ACTIVITY:
Write out each line of the listing as it stands, without the images.

DATA SHOWN:
[Start of Attachment]

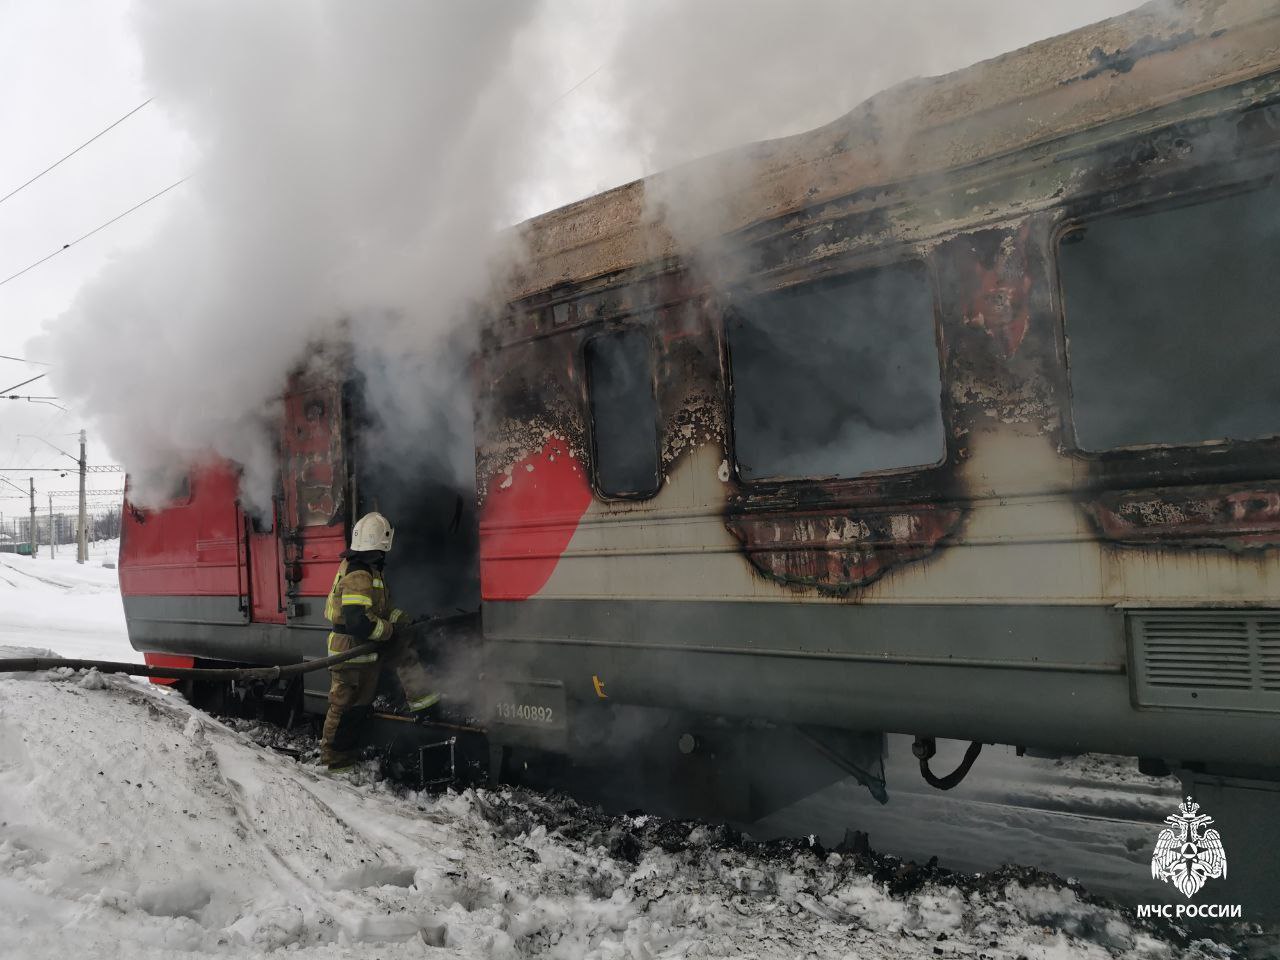 На железнодорожной станции в Башкирии загорелся локомотив. Машинист успел эвакуироваться
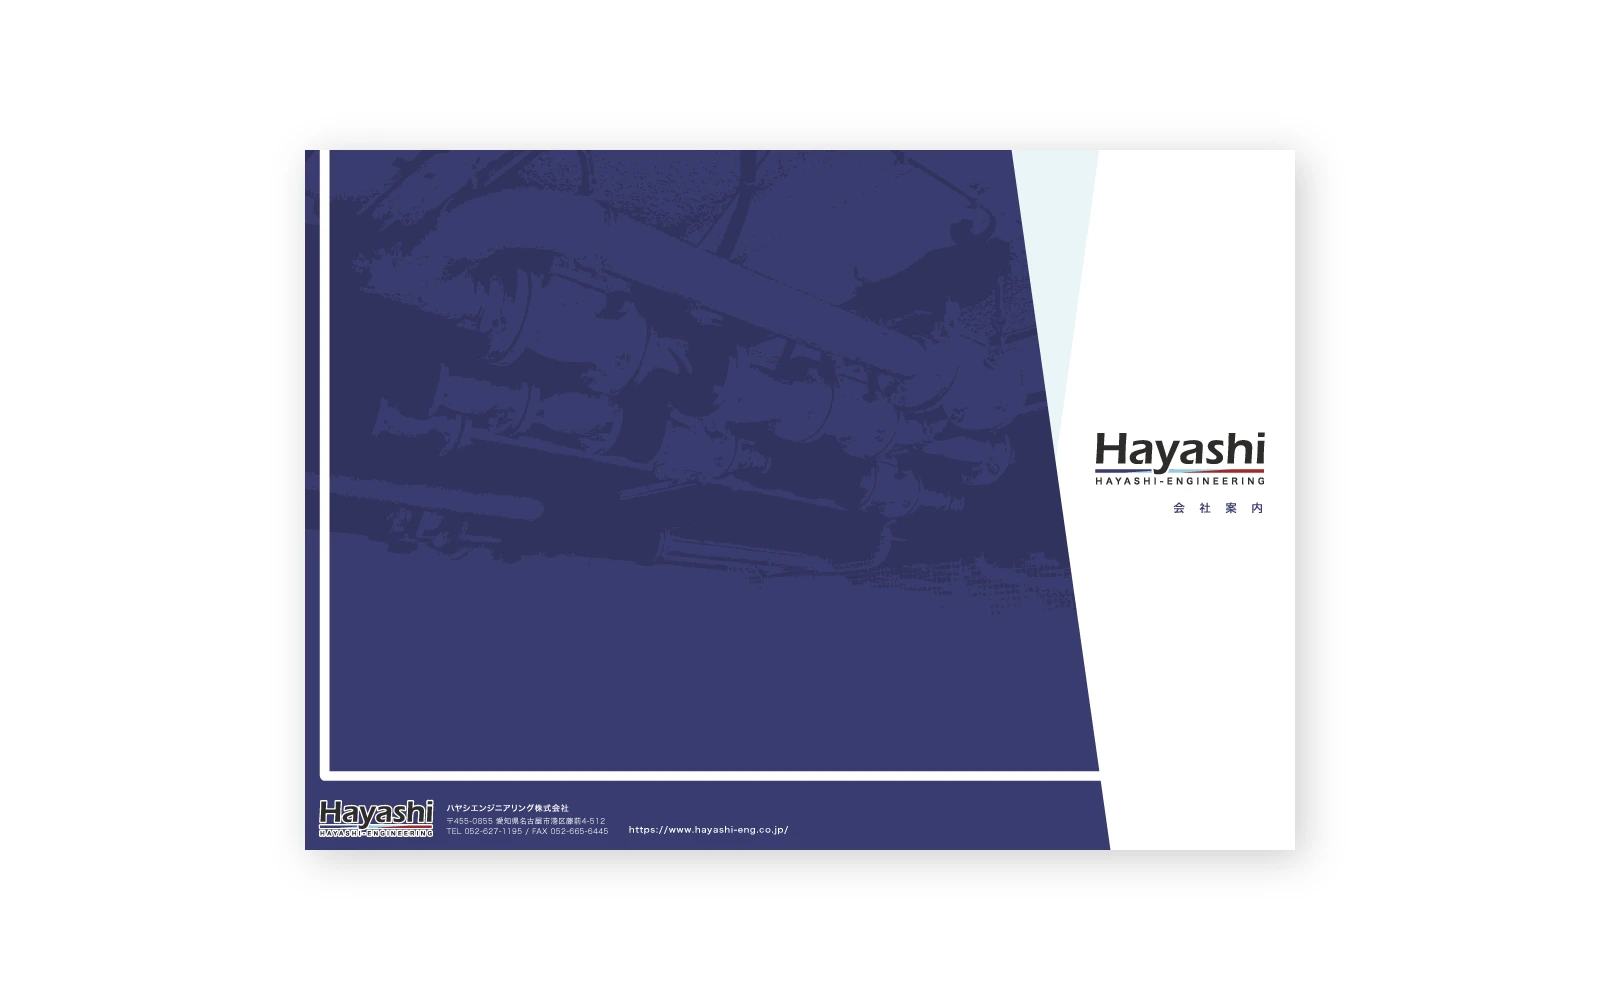 ハヤシエンジニアリング株式会社 / A4二つ折り会社案内パンフレットデザイン
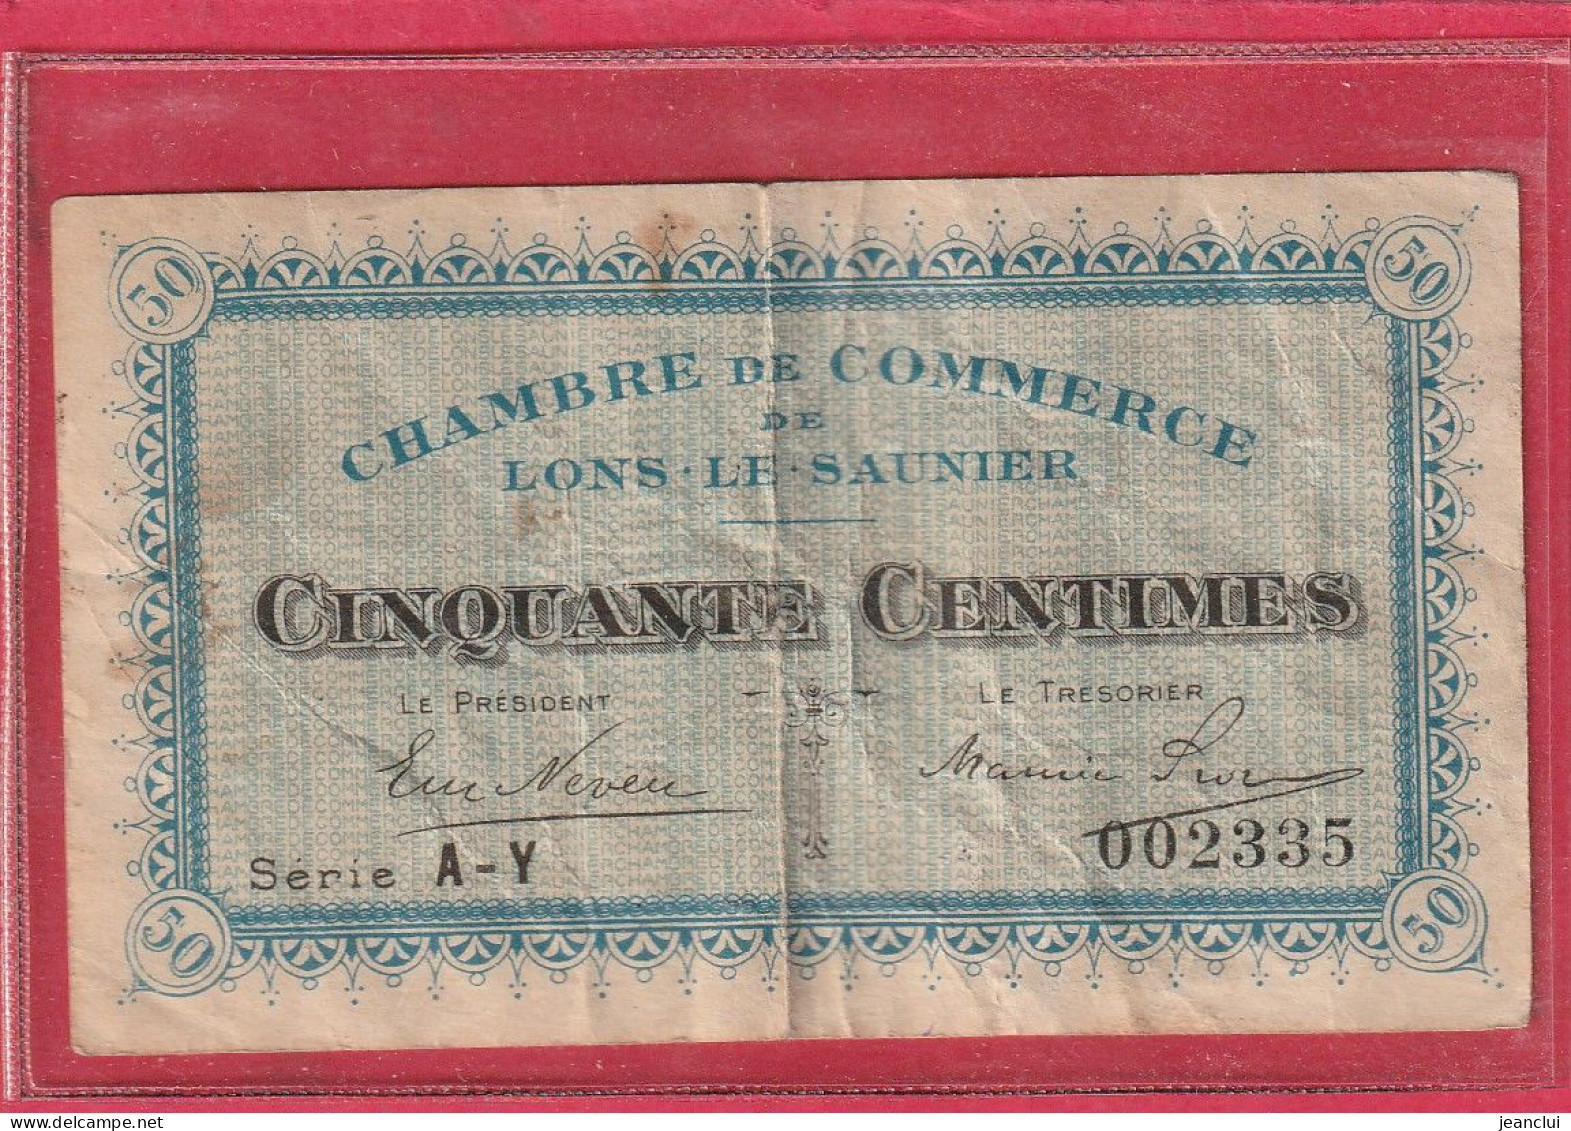 CHAMBRE DE COMMERCE DE LONS-LE-SAUNIER . 50 Centimes   . SERIE  A-Y  .  N° 002335  .  2 SCANNES  .  BILLET USITE - Cámara De Comercio
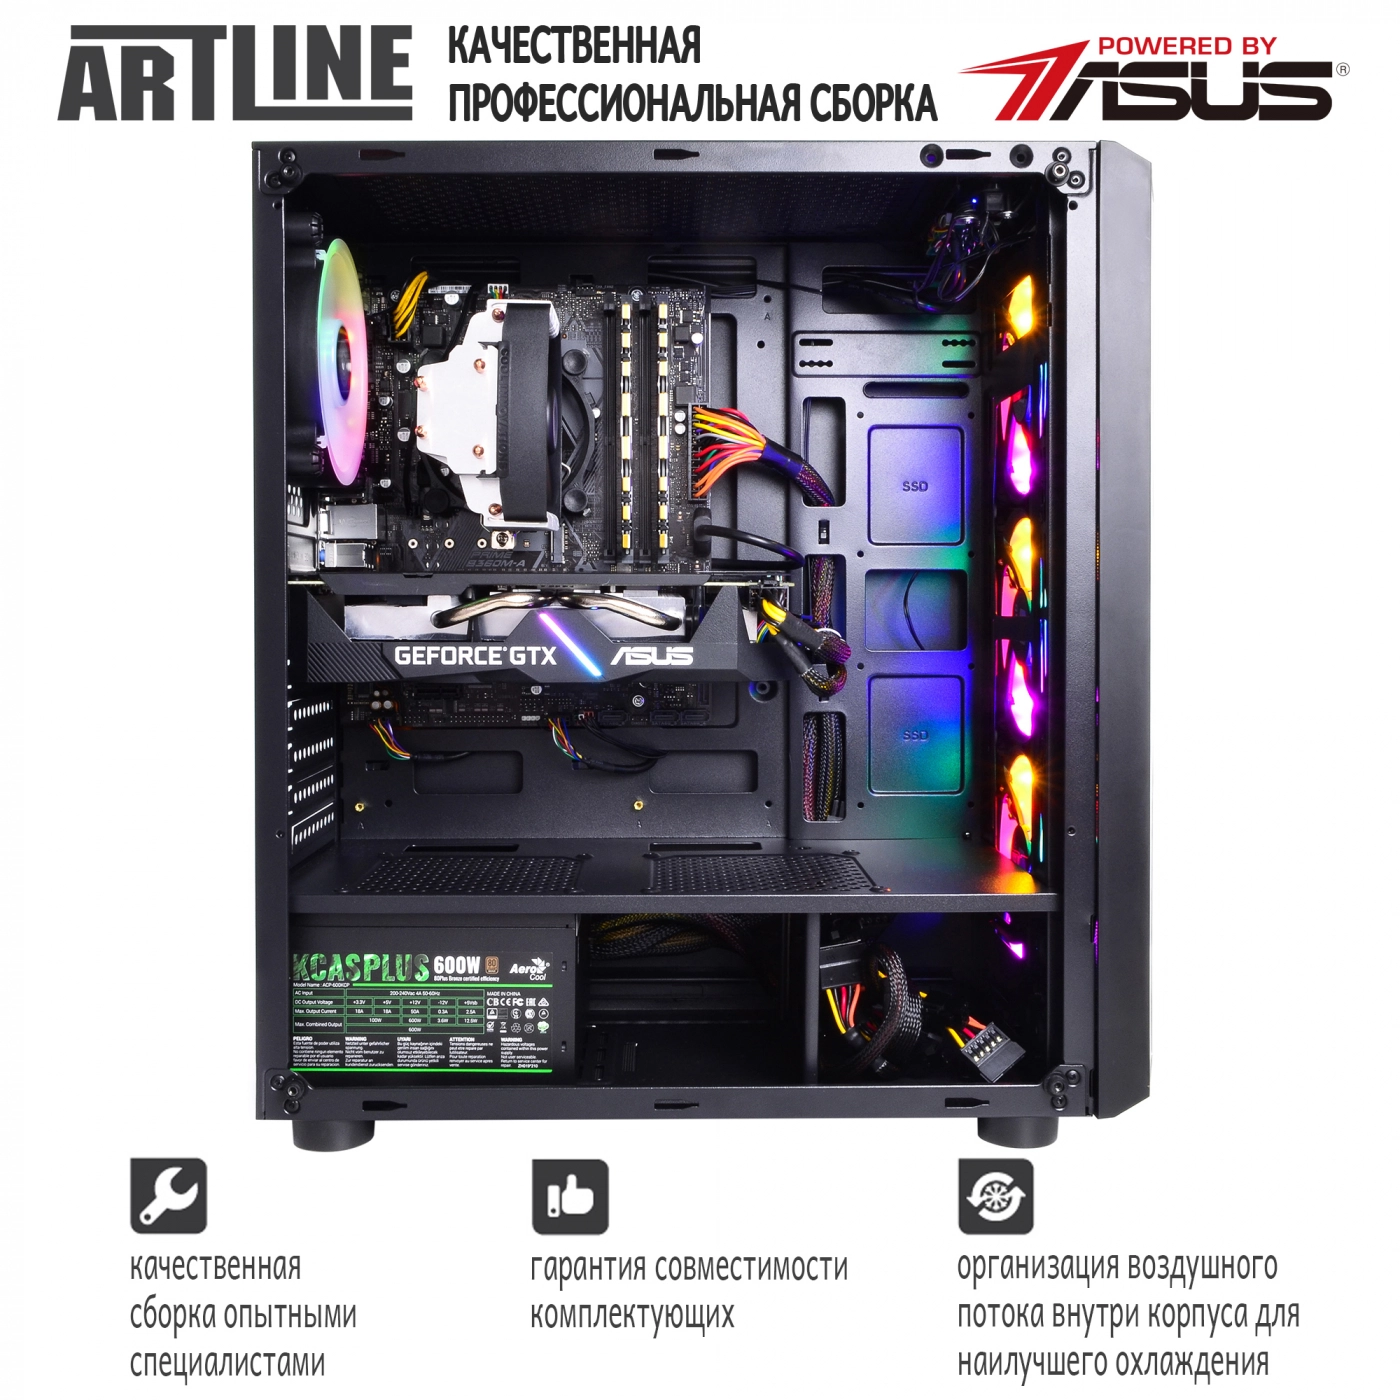 Купить Компьютер ARTLINE Gaming X65v24 - фото 9

[End of Attachment]

TASK RESULT:
 На железнодорожной станции в Башкирии загорелся локомотив. Машинист успел эвакуироваться
 ハヤシエンジニアリング株式会社 / A4二つ折り会社案内パンフレットデザイン
 CHAMBRE DE COMMERCE DE LONS-LE-SAUNIER . 50 Centimes   . SERIE  A-Y  .  N° 002335  .  2 SCANNES  .  BILLET USITE - Cámara De Comercio
 Купить Компьютер ARTLINE Gaming X65v24 - фото 9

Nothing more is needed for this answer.